Tesla Motors reported sales of 1,425 Model S electric sedans and 8,931 for the first half of the year. That leaves the luxury carmaker a bit shy of the pace it needs to nail down projected sales of around 20,000 by year's end.

"Momentum continues to build for Tesla," said Thilo Koslowski, an automotive analyst for tech advisory company Gartner. "They've had a lot of announcements in the last several weeks, and that might be the final push for consumers on the fence."

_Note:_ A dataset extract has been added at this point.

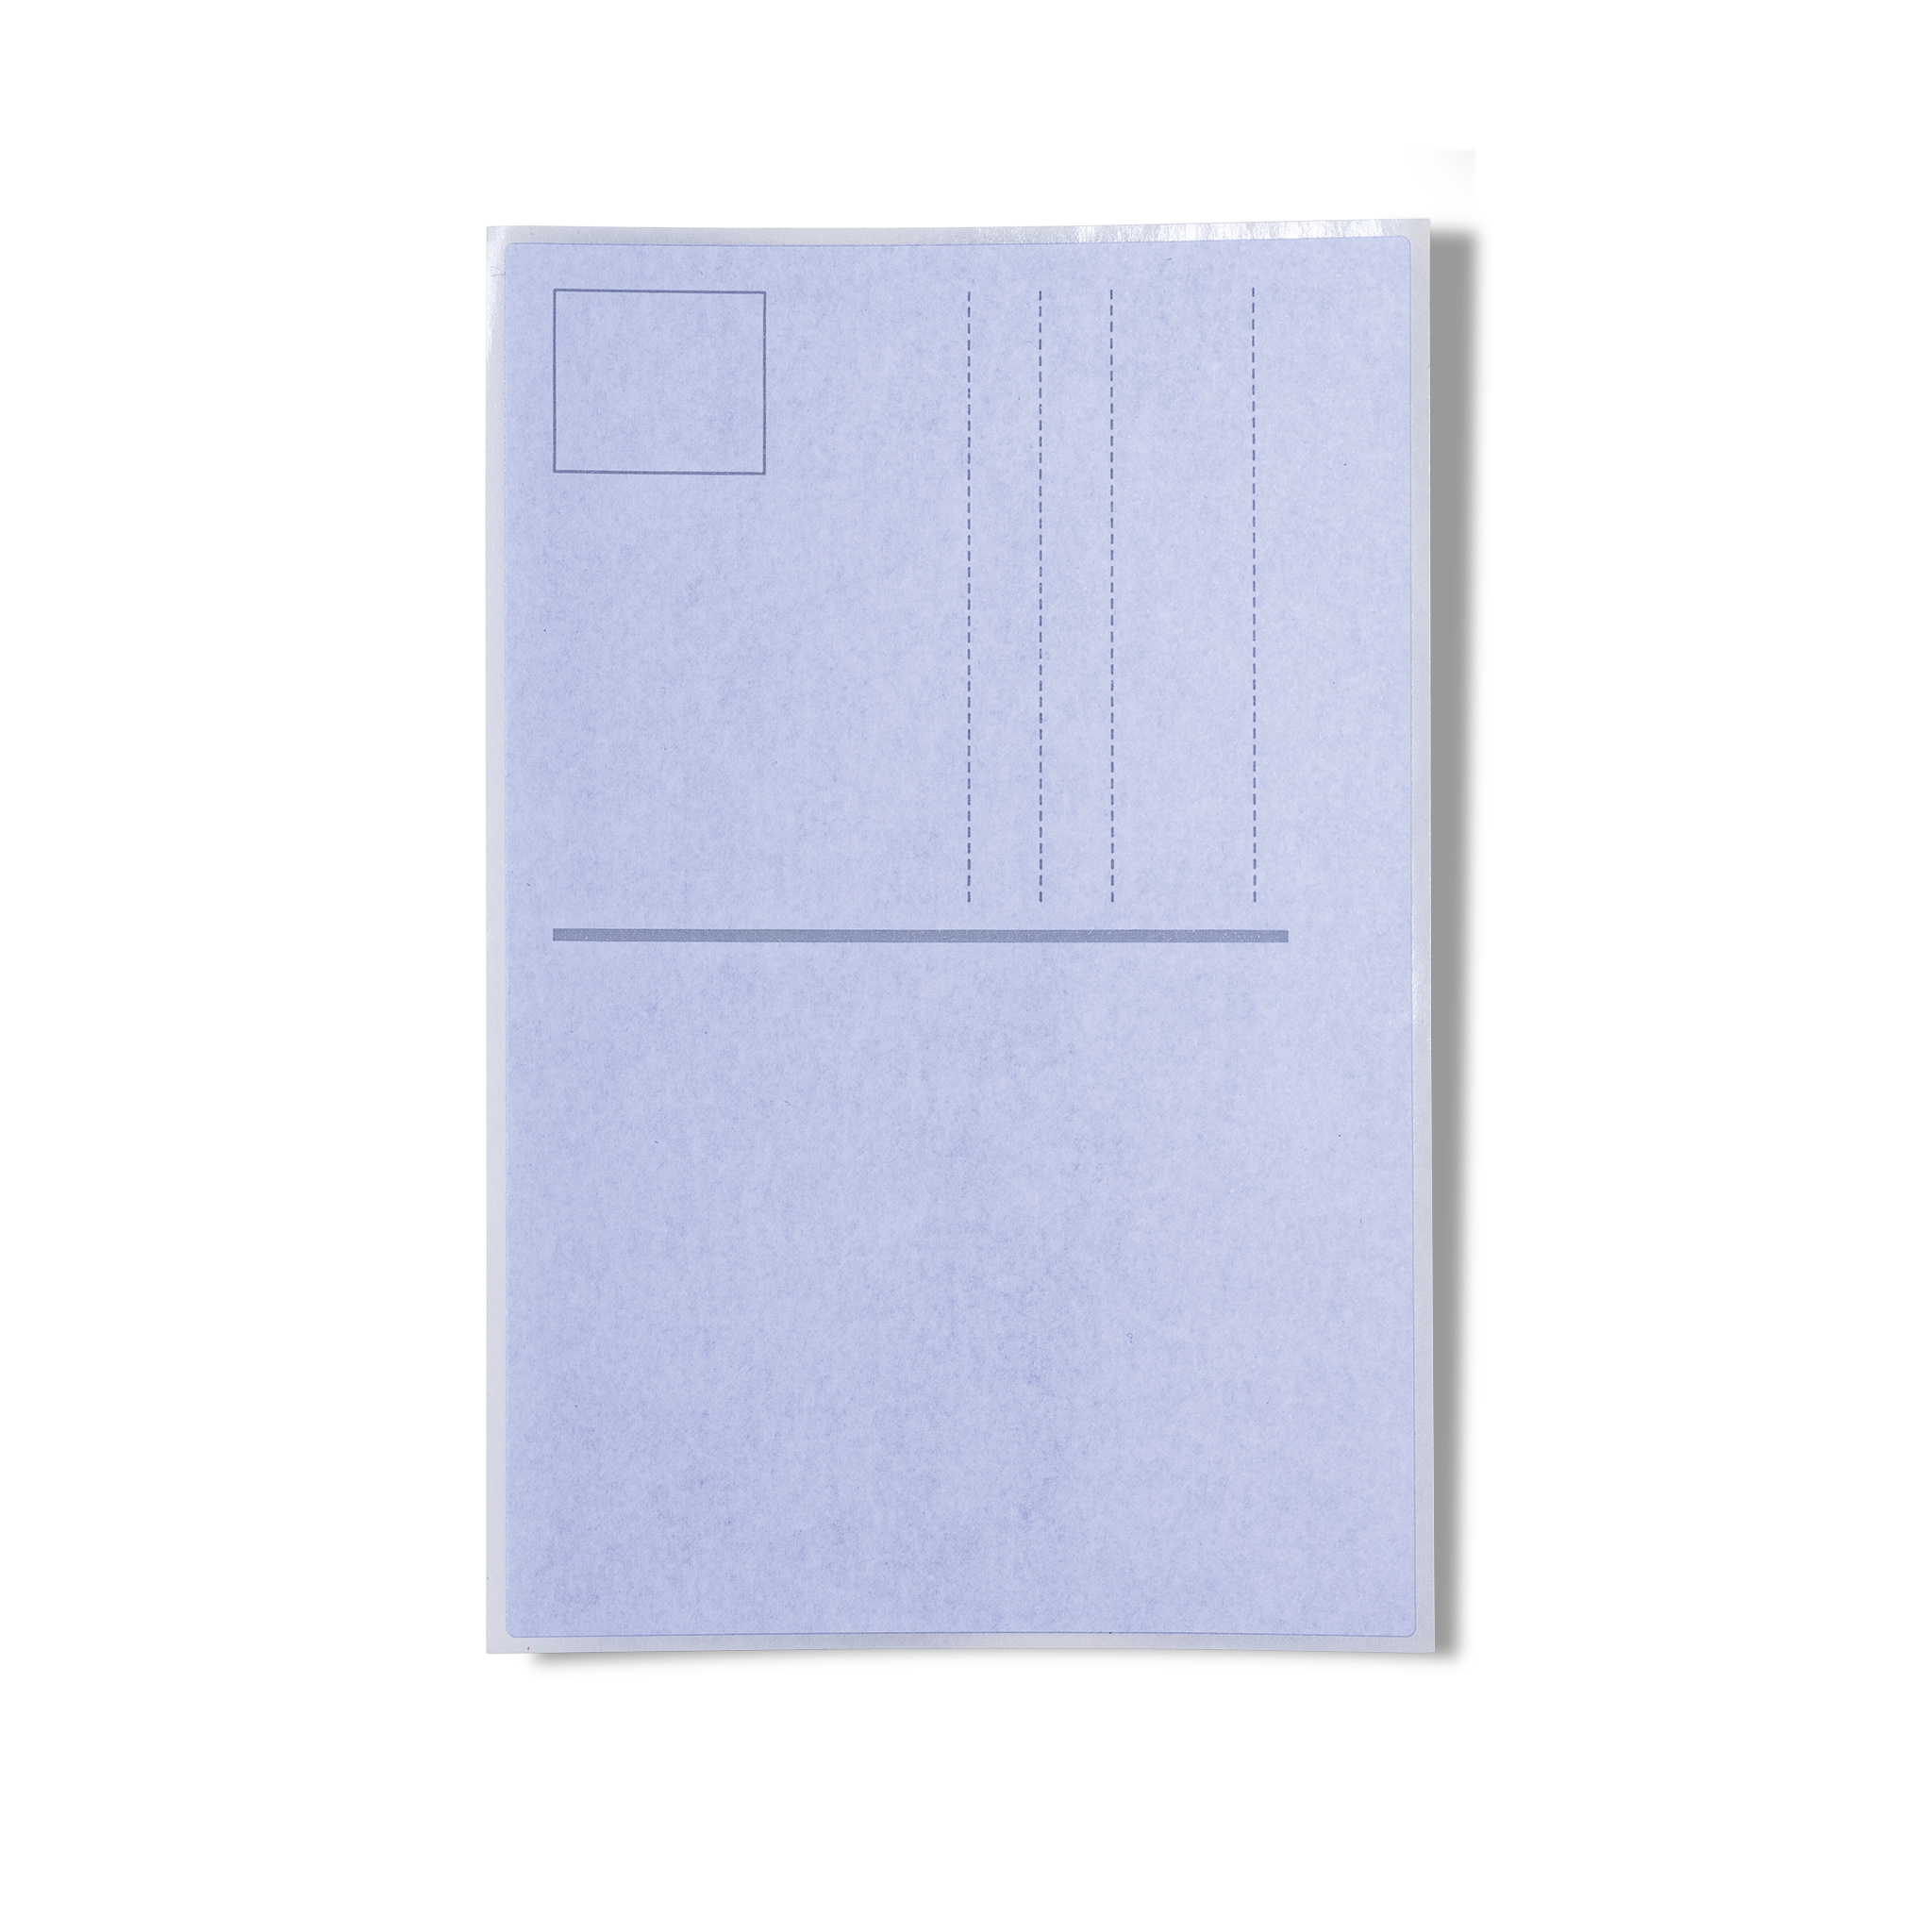 Wunderbar Büro Depot Postkarte Vorlage Galerie - Beispiel ...
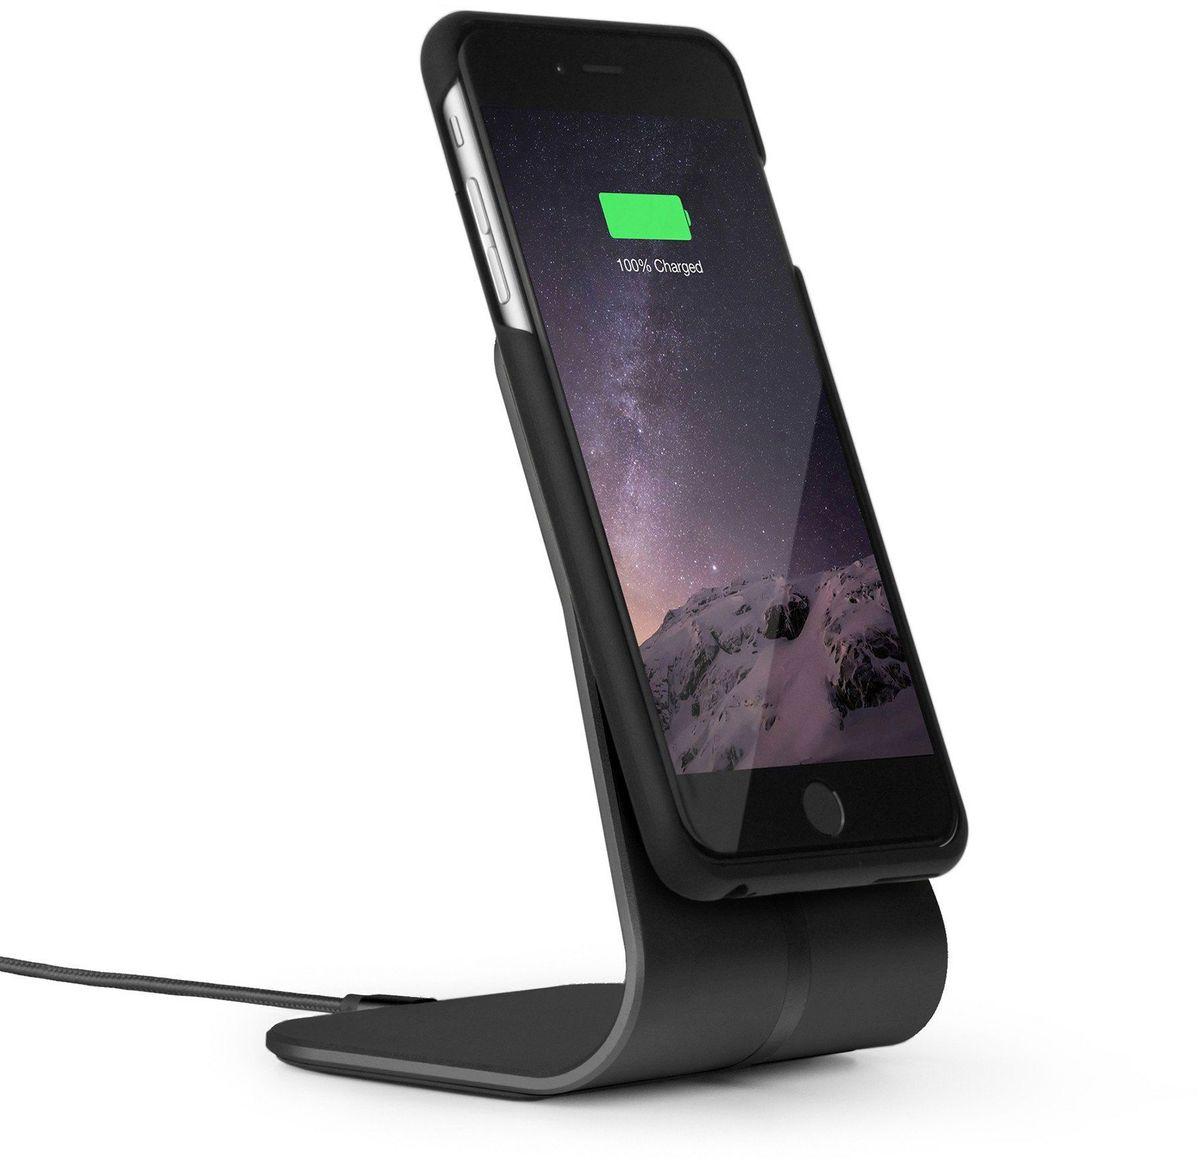 Xvida Charging Office Kit, Black беспроводное зарядное устройство для iPhone 7 Plus (WOKIS-01B-EU)WOKIS-01B-EUКомплект из магнитной док-станции на подставке и чехла для IPhone 7 Plus, 6s Plus, 6 Plus с приемником для беспроводной зарядки. Алюминиевая док-станция снабжена многоразовыми липучими ножками в основании, что обеспечит надежную фиксацию на рабочей поверхности. Ультратонкий и легкий кейс выполнен из качественного софт-тач пластика с мягким покрытием внутри. Зарядка происходит в соответствии со стандартом Qi, по принципу индукционной передачи энергии. Магнитное крепление чехла совместимо со всеми зарядными устройствами и креплениями XVIDA. Зарядка при этом возможна от любого устройства с технологией Qi.• Скорость зарядки на 50% быстрее.• Доступ ко всем разъемам и кнопкам смартфона.• Магнитное крепление смартфона.• Сквозной разъем Lightning на чехле.• Стандарт питания Qi.• Размер док-станции: 230 х 260 х 160 мм.• Длина кабеля: 1 м.• USB адаптер для евро-розетки 220В в комплекте.

A leasing price war might be responsible for Nissan and GM's higher sales. Nissan recently dropped its price to $199 a month after slow sales for the last two years, which GM said it would match with its Spark EV. California consumers benefit not only from competition broiling between automakers that appears to be driving prices down, but also the $2,500 state rebate.

Koslowski said the lease war was a big part of June's surge. "At the end of the day, people are still buying for the financial benefit they can get out of electric cars," Koslowski said. "When you offer an attractive purchase price plus what they save at the pump, you make that equation easier for consumers."

Koslowski said EV automakers and advocates would be wise to hedge their enthusiasm with this month's sales. "I would be cautious not to draw the conclusion that electric vehicles have found a firm place in consumers' hearts," he said. "We're just not quite there yet."

Overall, automakers report strong sales in June, helped by rising consumer confidence and a rebounding construction industry that was hungry for trucks.

Automakers sold about 1.4 million vehicles last month, a 9% gain from the same period a year earlier. The brisk sales amounted to an annualized pace of about 16 million, a threshold not seen since 2007.

[For the Record, 8:51 a.m. PDT July 1: An earlier version of this post stated that June was the first month the Chevrolet Volt outsold the Nissan Leaf. The Volt had previously outsold the Leaf.